Not without controversy, banks are starting to introduce fees for mobile banking. US-based PNC, Regions, and U.S. Bank are leading the mobile banking fee revolution. At this stage, mobile fees appear inconsistent and currently range by service. Regions Bank plans on hitting you with a $1 (USD) fee for a person-to-person (P2P) payment while PNC’s Virtual Wallet will run you about $10 a month. Some banks will waive these fees if account balances remain at a certain level.
Banks of all sizes have been offering their customers access to banking services through smart phones and tablets for years. So, why introduce fees now? Survey research reveals customers are willing to pay for mobile banking… even more so than they were just a few years ago. This could translate into a significant revenue opportunity as many banks are now seeking out non-traditional avenues for fee income.
Mobile Fees: A Balancing Act
Banks have a few hard decisions to make as they assess whether charging for mobile banking is a sensible move. Will customers be willing to pay for the convenience of banking on their phone? Or will they abandon their mobile apps (and maybe their bank altogether) and move to a competitor or a non-bank option?
It’s a tough decision because the advantages of a mobile banking program extend far beyond fee revenue. Mobile apps are a low cost channel for customers to self-service versus higher cost alternatives; such as brick-and-mortar branches or telephone call centers. The mobile channel also presents prime marketing opportunities for financial institutions. Mobile banking offers the “soft” benefits of brand enhancement as well as another channel to cross sell customers on higher margin products (e.g. unsecured loans, credit cards). Marketing in the mobile channel is relatively effective as customers who use bank apps are often more profitable on average and are very “sticky” when it comes to bank loyalty.

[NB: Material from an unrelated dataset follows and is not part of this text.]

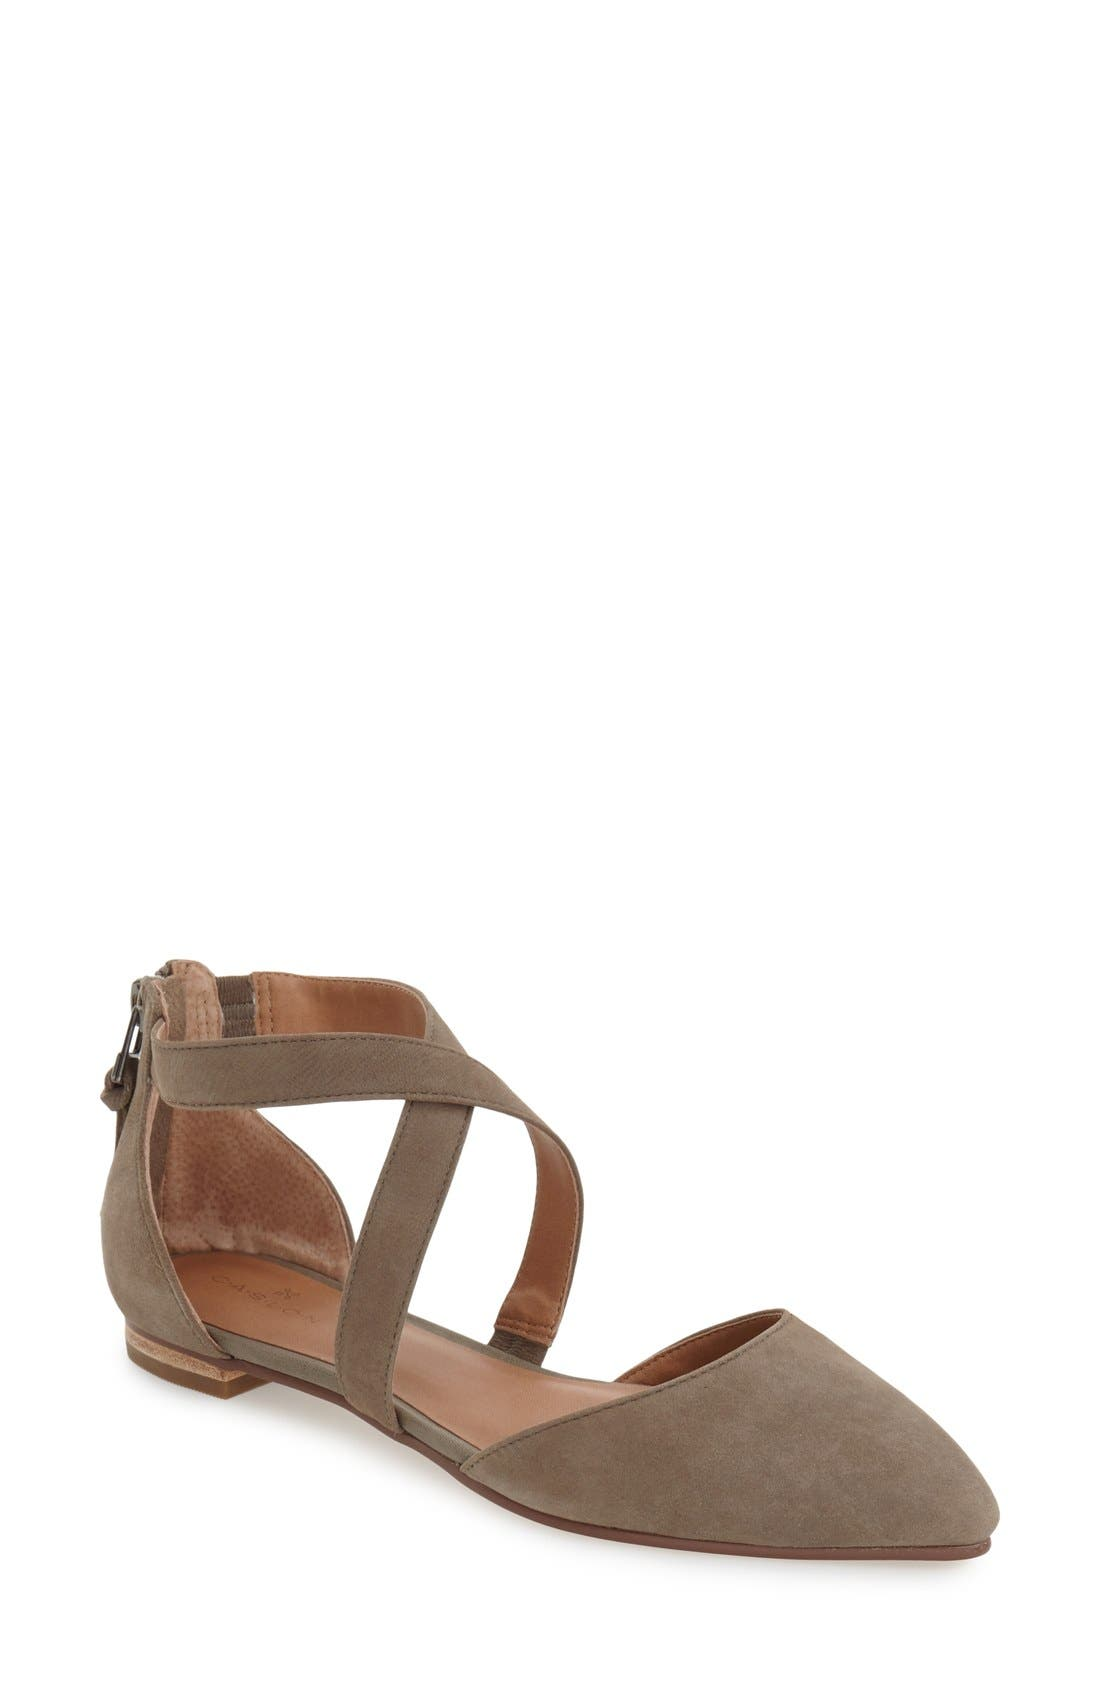 Alternate Image 1 Selected - Caslon® 'Aubry' Pointy Toe Flat (Women)

The mobile space is critical to reaching bank customers, particularly in certain segments. As smartphones and tablets continue to proliferate the market, mobile banking will only continue to grow in importance. This is why banks need to get their mobile strategy right. If banks go the way of charging for mobile banking, executives will need to strike a balance between maximizing fee revenue while ensuring customers perceive value in what they are paying for. After all, every consumer knows that going from “free” to “fee” can be a tough pill to swallow.